Abstract
Three kinds of squid were used in the examination : the oval, Japanese common and arrow varieties. Cold water extracts of the raw and the cooked squid samples after an ethanol treatment were subjected to a sensory evaluation and chemical analysis to identify the differences in taste and how cold storage affects the taste. The chemical analysis showed that oval squid contained a large amount of free amino acids, especially glycine, which imparts a sweet taste. On the basis of the sensory evaluation, oval squid was the sweetest and the most preferable. Japanese common squid contained a large amount of glycinebetaine, but it also contained unpalatable hypoxanthine and bitter-tasting histidine. This suggests why the Japanese common squid was judged to be unfavorable. Twenty-four hours of cold storage made raw oval squid sweeter and more palatable. It was found that 24 h of cold storage strengthened the umami taste of cooked Japanese common squid.

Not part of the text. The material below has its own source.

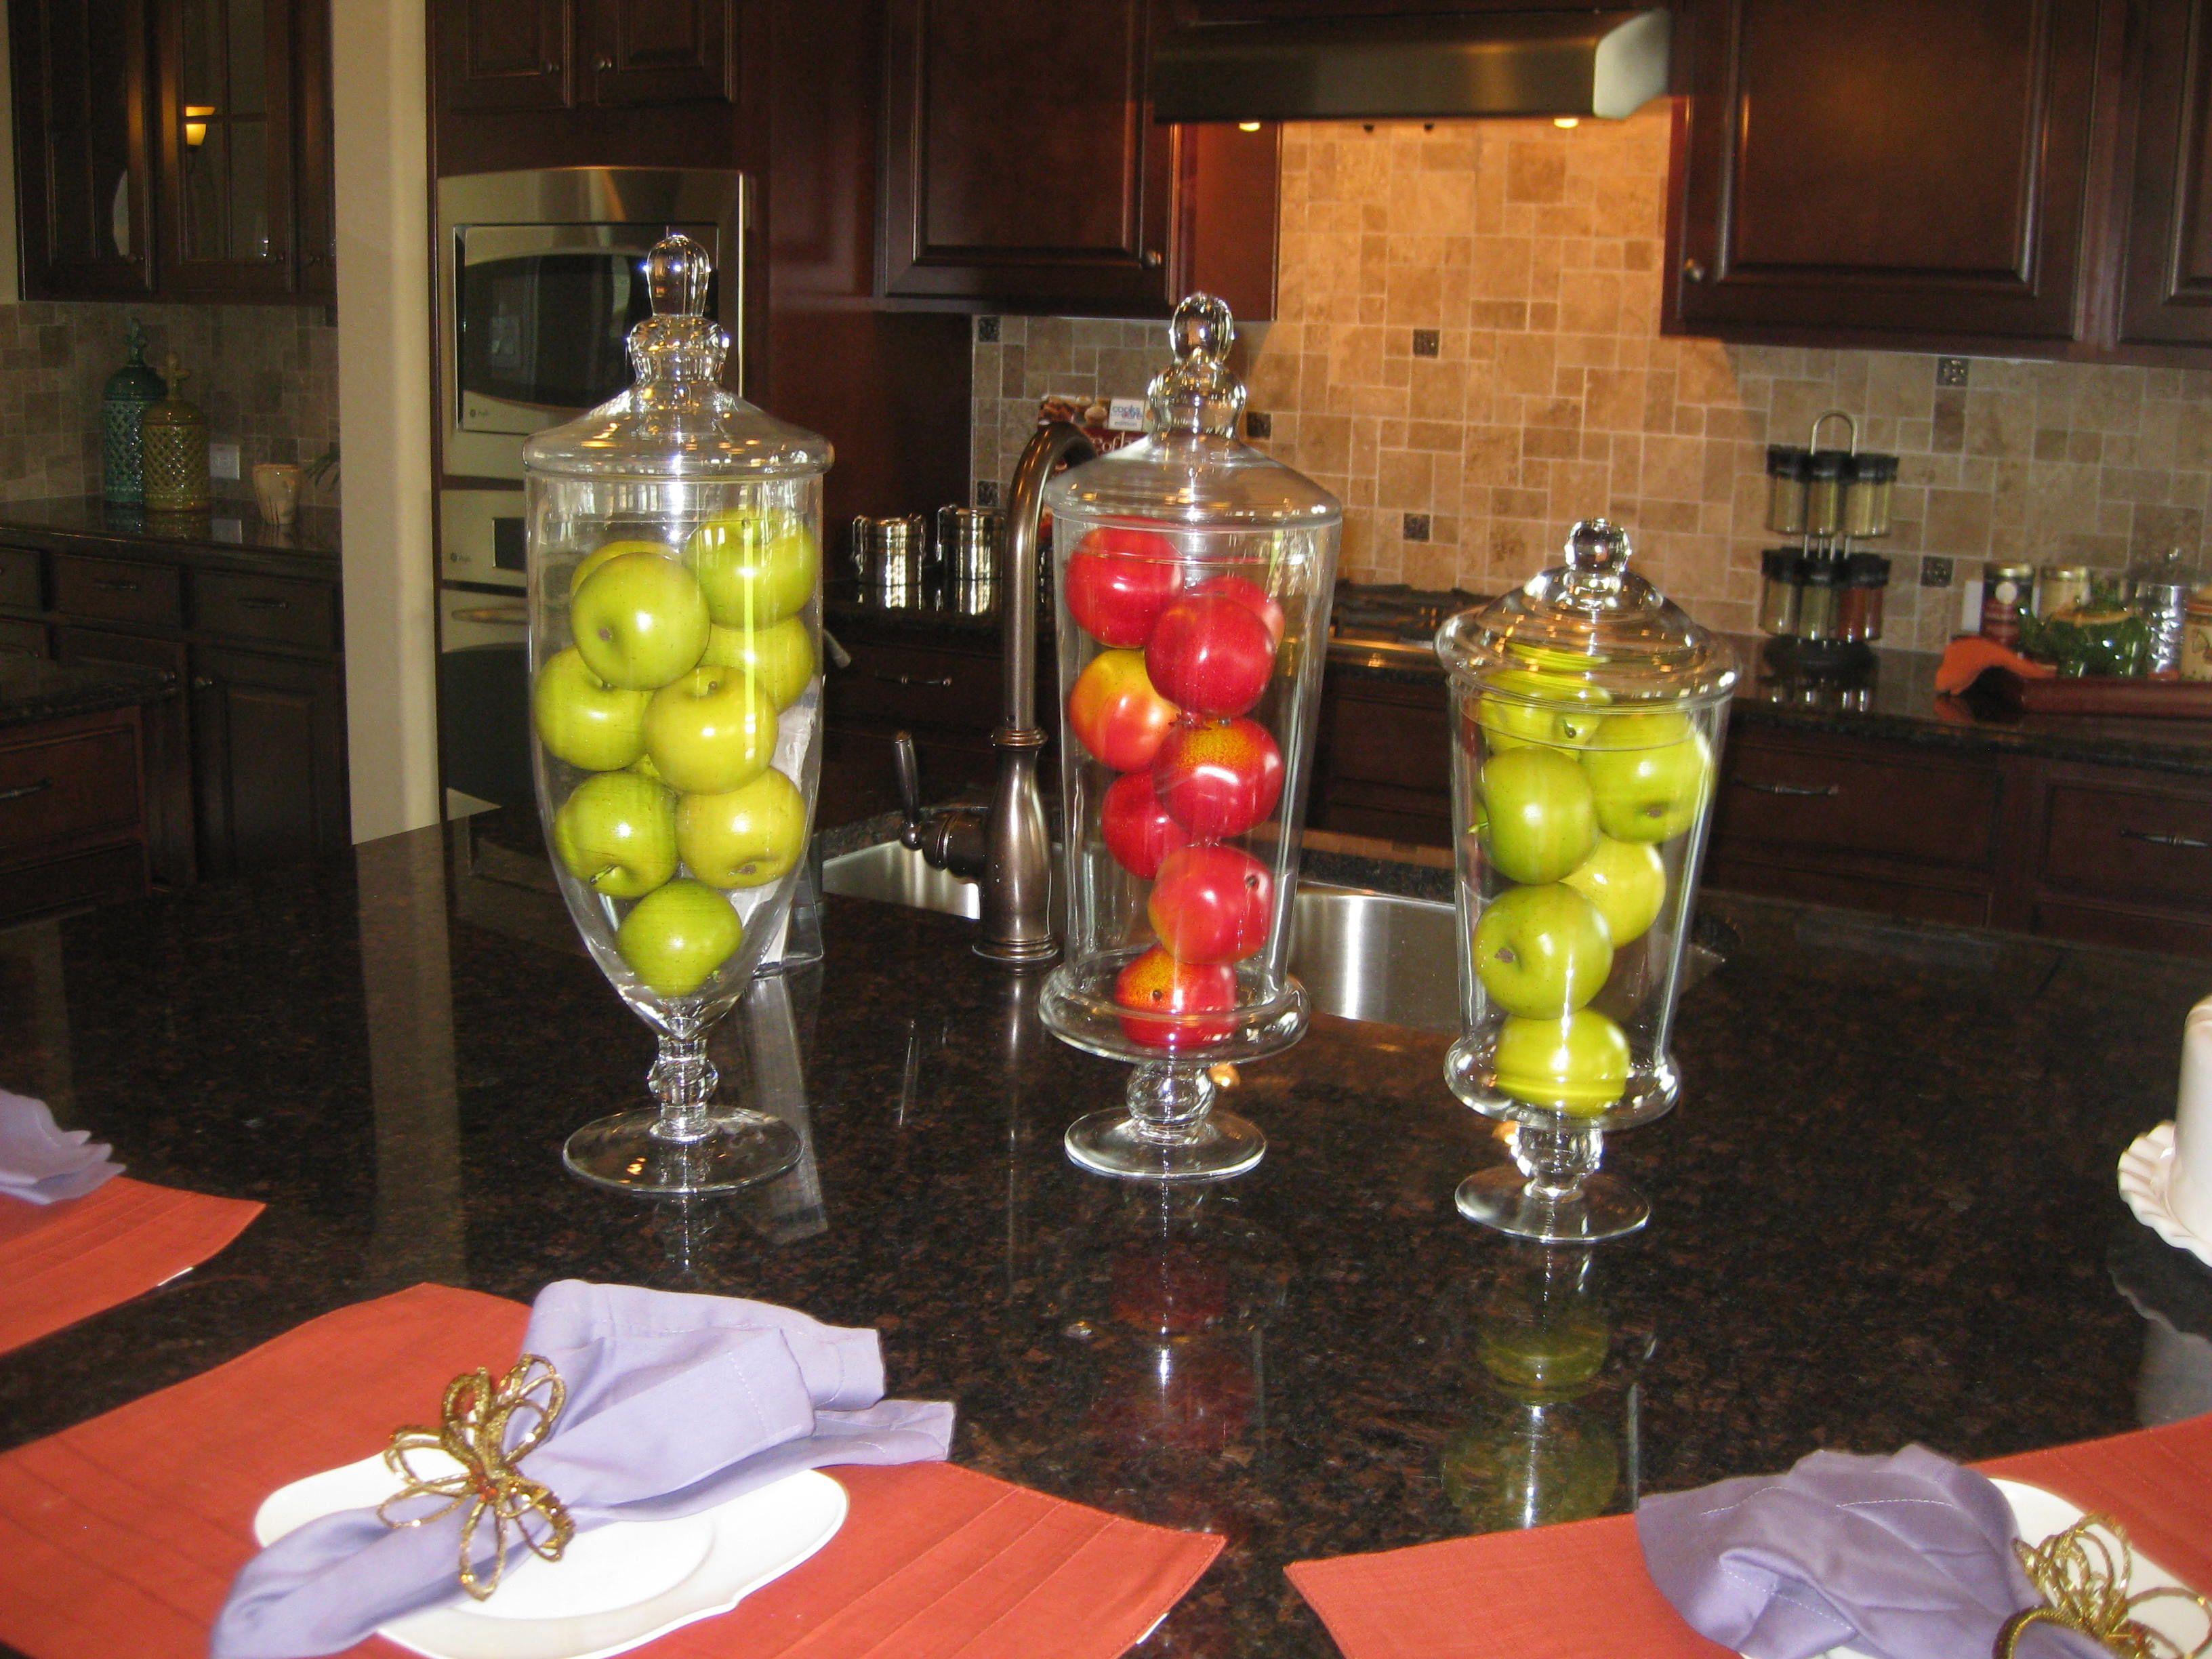 Fruit vases decorating pinterest vases decor - Kitchen curtains with fruit design ...

The taste of raw and cooked samples of oval squid, Japanese common squid and arrow squid were compared by a chemical analysis and sensory evaluation. It was found that oval squid contained large amounts of free amino acids, especially glycine which has a sweet taste. The sensory evaluation proved that the taste of oval squid was the sweetest and the most favorable, Japanese common squid had a lot of glycinebetaine, but it also contained bitter histidine and unpalatable Hx. The sensory evaluation judged Japanese common squid to have a strong bitter taste that was unfavorable.
To show graphically and make explicit the difference in chemical components of the three squid extracts, a principal component analysis was applied. It was found that each squid has its own characteristic taste that was not greatly changed with cooking.
After 24 h of cold storage, there was an increase in the sweetness and umami taste of raw oval squid, which made it more favorable. Both sensory and chemical evaluations indicated that there was also an increase in the umami taste of cooked Japanese common squid. The increases in glutamic acid and combined amino acids after cold storage enhanced the umami taste and therefore increased the popularity of cooked Japanese common squid.